パナソニックが持株会社制へ
移行した本当の意義
2021年、パナソニックでは12年からトップを務めてきた津賀一宏氏から楠見雄規氏に社長が交代し、同時に持株会社制への移行を発表。今年4月にはパナソニックホールディングスへ商号変更した。社名変更といえば、ソニーも昨年4月、本社をソニーグループに変更し、各事業会社がその下にぶら下がる格好になった。両社のこのタイミングでの組織変更やパナソニックの社長交代は何を意味するのだろうか。
結論から言えば、両社とも歴史を紐解けば両社らしい意思決定だということだ。パナソニックは、日本でいち早く事業部制を実施し、事業部ごとに商売の責任を持たせることで、ミドルマネジメントや現場社員の士気を上げてきた。戦後の財閥解体の流れの中で、当時の松下は松下電器産業と松下電工に分かれたが、これも戦前に松下幸之助がつくった事業部が独立会社になった格好だ。
松下正治社長時代に始めた事業本部制も、松下が他社に先駆けて実施した組織形態であったし、現在までにビジネスユニットごとのカンパニー制を実施してきた。かつては持株会社制が禁止されていたので、言わばバーチャルに持株会社制を実施してきたのがパナソニックの歴史である。
今回の持株会社制への移行は、パナソニックの業務範囲の広がりと、コロナ禍をはじめとしたそれぞれの事業が直面している不確実性の高さから、全社戦略と個々の事業戦略を1つの会社の1人のトップが見ることが難しい状況になったということであろう。津賀社長への評価は、在任中の10年近くの前半と後半で大きく異なるといえる。

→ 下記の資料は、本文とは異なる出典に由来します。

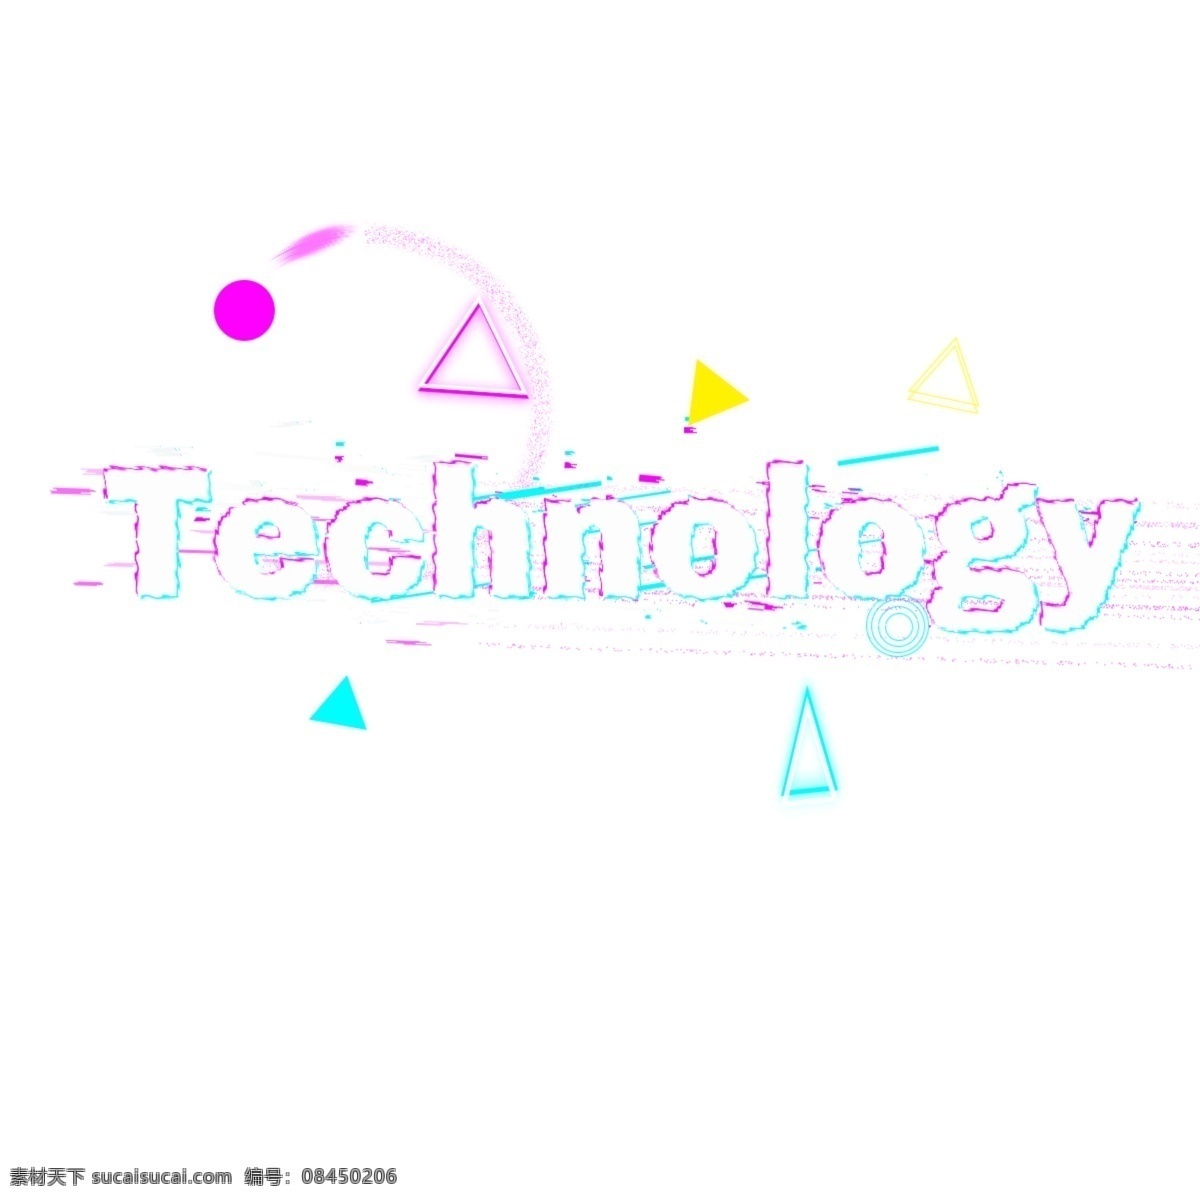 glitch techonology 字体 理工科 故障风格 trangle 元素 水平线 圆形元素 毛刺字体设计 白色和紫色

前半は、特定の問題を抱える事業を切り離して、注力すべき事業に集中して経営資源を投入し、グループ全体のトップが個別事業へのてこ入れを行うことで、経営の改善をしてきた。
その後、全体のポートフォリオを考えた全社戦略と、個別の事業戦略の陣頭指揮を1人のトップが担う限界が見えてきたわけだが、これは津賀社長個人の資質や能力の問題ではないにもかかわらず、任期後半の氏の評価の低下に影響しているのではないだろうか。